Demons / Demons 2

Epitomizing the gonzo ‘80s Italian horror aesthetic, Synapse gave Demons and Demons 2 their due on a 4K Ultra-HD double-feature that was tempting at any price point.  Now they're making it a little more affordable to choose your favorite by releasing each title individually.  But no matter which  you choose, you won’t find a more silly, sick and visually slick example of Euro-splatter anywhere!


At this point in his career Argento had drifted into a pattern of disconnected imagery tied with the loosest of narrative threads, designed more like Fangoria photoplays than linear stories.  And apparently he developed Demons and its sequel along the same lines, packaging both films with a prefabricated heavy metal soundtrack built around some outstanding make-up effects by Sergio Stivaletti.  There’s a screenplay in here somewhere, but it’s practically non-essential.

 

Demons begins with a disfigured servant of Satan handing out flyers to a free movie, which attracts a motley group of teens, cheapskates, pimps and prostitutes.  An innocent scratch on a death mask in the lobby turns one audience member into a snaggle-toothed, goo-spewing monster who promptly infects the rest of the theater.  From there, it all escalates into one big Looney Tunes-style massacre leading up to an apocalyptic conclusion.

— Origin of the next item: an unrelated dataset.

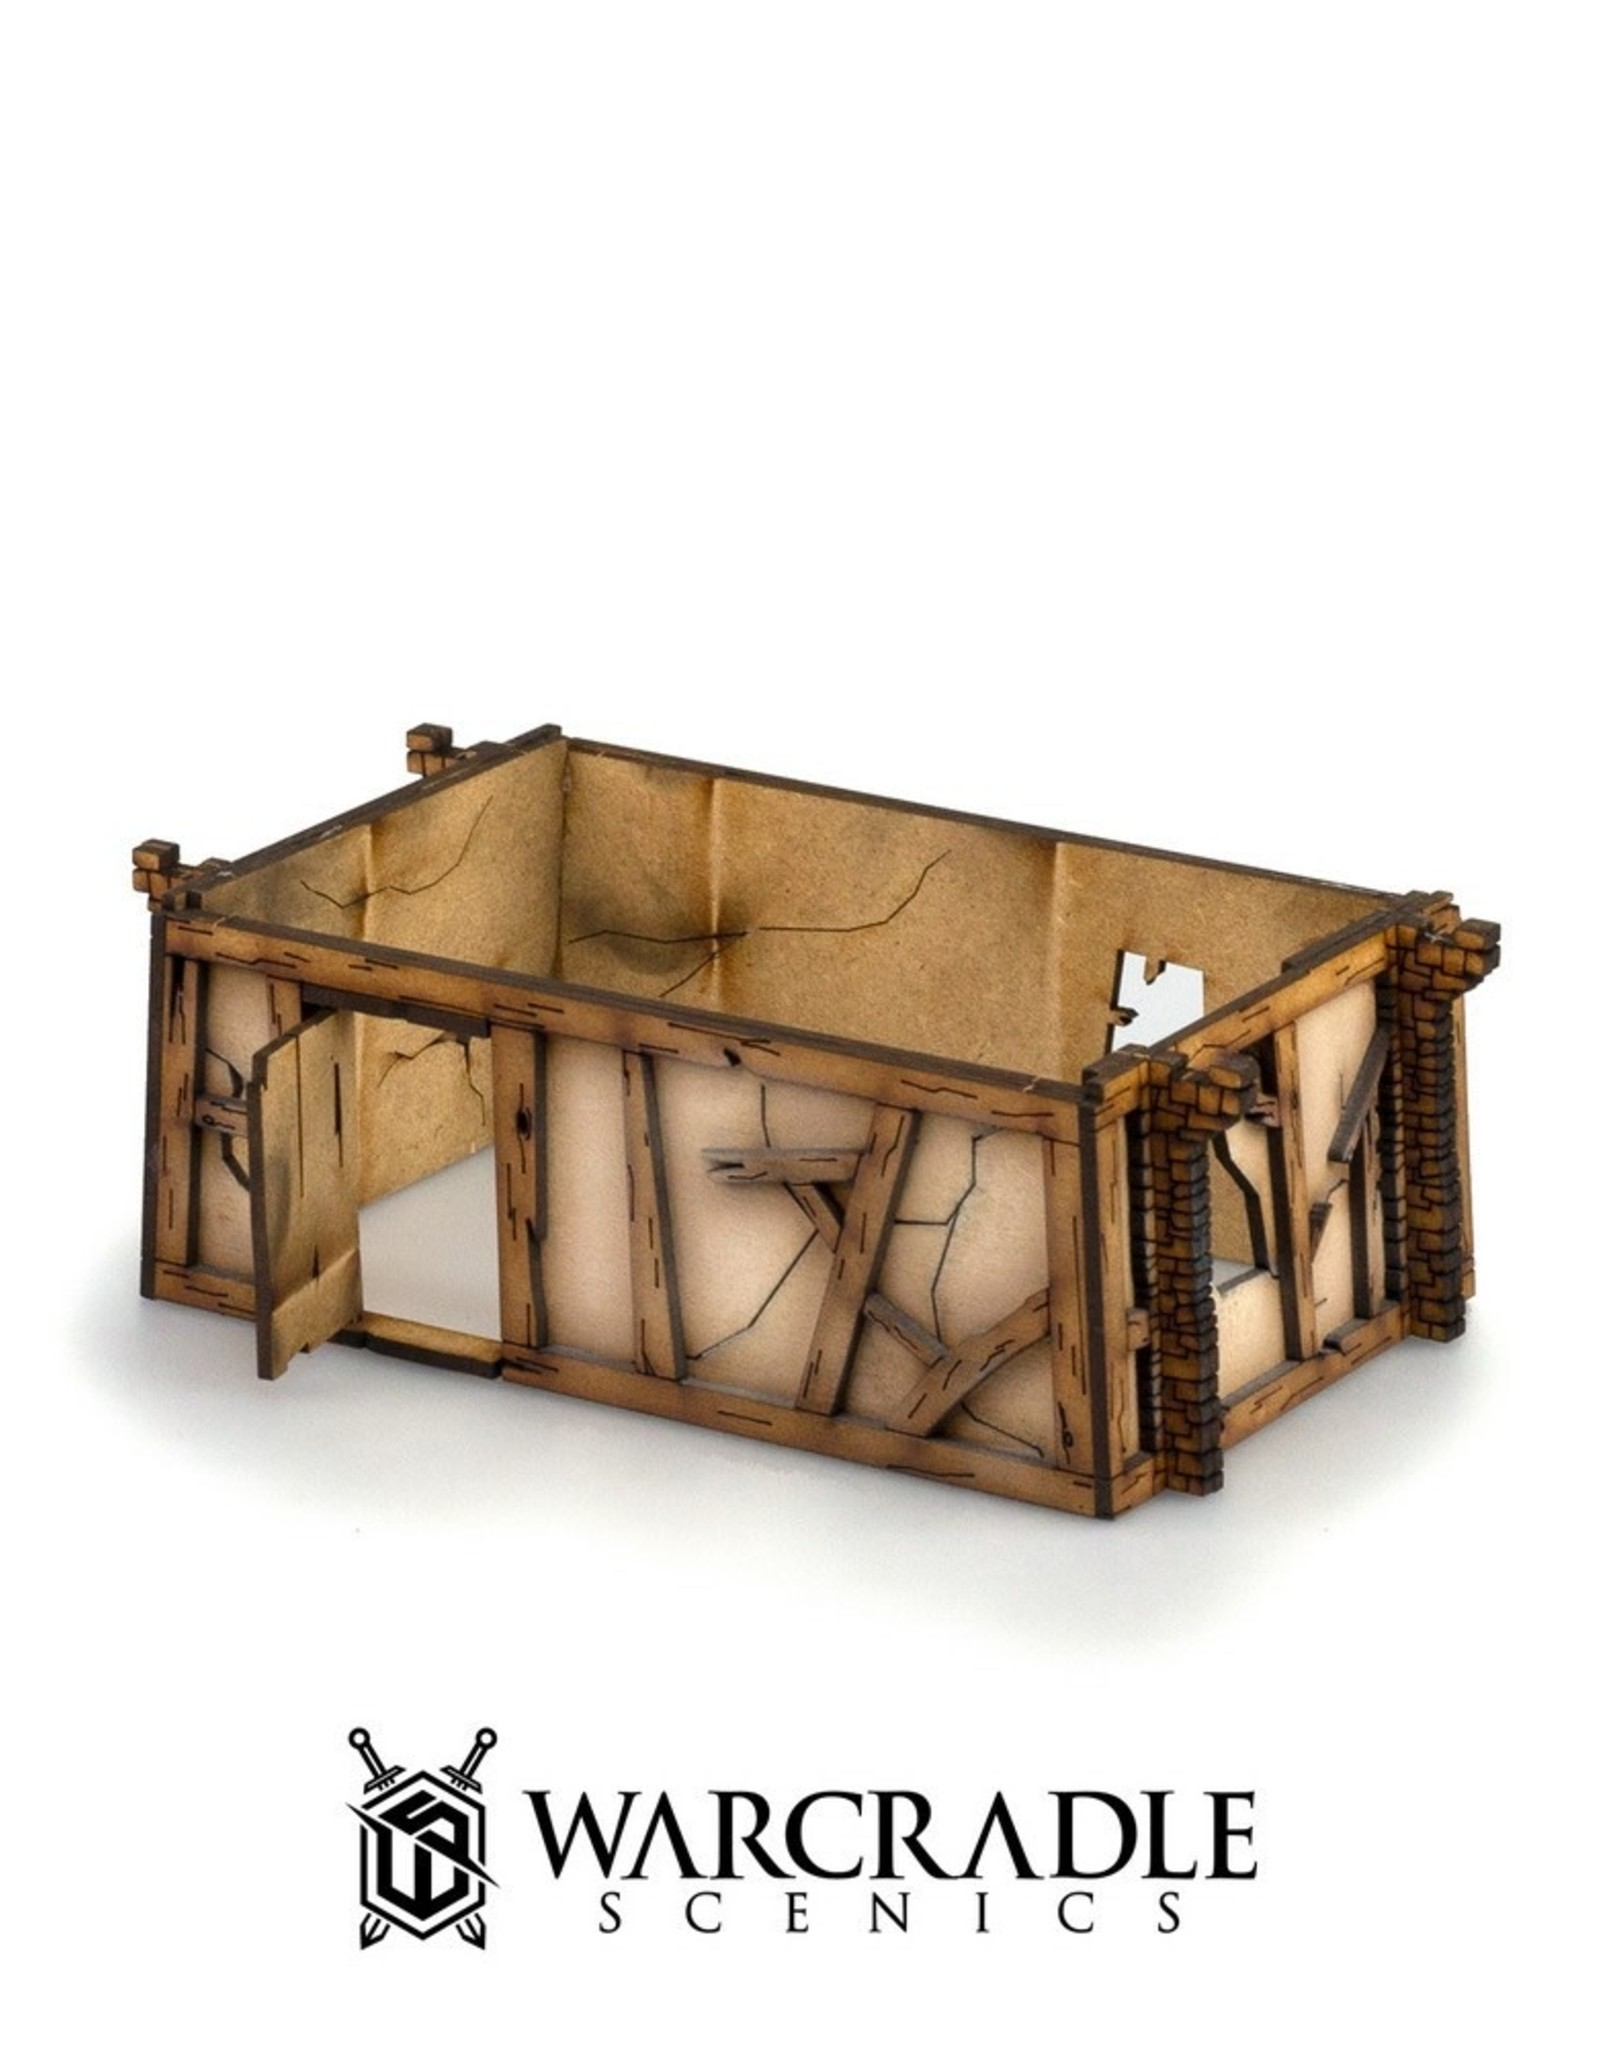 Warcradle Gloomburg: Cottage

 Rather than continue with that storyline, Demons 2 just hits the reset button and delivers more of the same in a new setting: a high-rise apartment building populated by an eclectic mix of potential victims.  This time the demons are resurrected via a TV signal that broadcasts them back into reality.  Crashing a totally radical birthday party, they then proceed to claw their way from one floor to the next, sparing no one (not even kids or pets) along the way.

                             

Demons 2 takes things up a notch, sometimes to a ridiculous degree, capped off by a Gremlins / Ghoulies monstrosity that bursts out of the family dog.  Combine that with the bad ‘80s fashions, hilarious dialogue and random character cutaways (both films feature a car full of miscellaneous punks who serve no purpose other than to squeeze more tunes into the soundtrack) and you have a sequel that is more accidently amusing than the original.  Bava’s directing style matches the material’s anything to entertain attitude, full of bright primary colors and in-your-face (quite literally) demon close-ups, getting his money’s worth out those stellar Stivaletti effects.

 

Few companies are as meticulous with their hi-def output as Synapse; and one would be hard pressed to find a flaw on either release (even a brief camera-sourced jitter in Demons 2 has been smoothed out).  Both films received new 4K restorations from the original negatives, boosting the colors and beefing up those realistic blacks thanks to the Dolby Vision (HDR10 compatible) technology.  Extras have all been ported over from the previous releases, but there’s also a new audio commentary from critics Kat Ellinger and Heather Drain on the original and Travis Crawford on the sequel.  Oh, and if you’re not yet 4K capable, Blu-ray editions are sold separately too.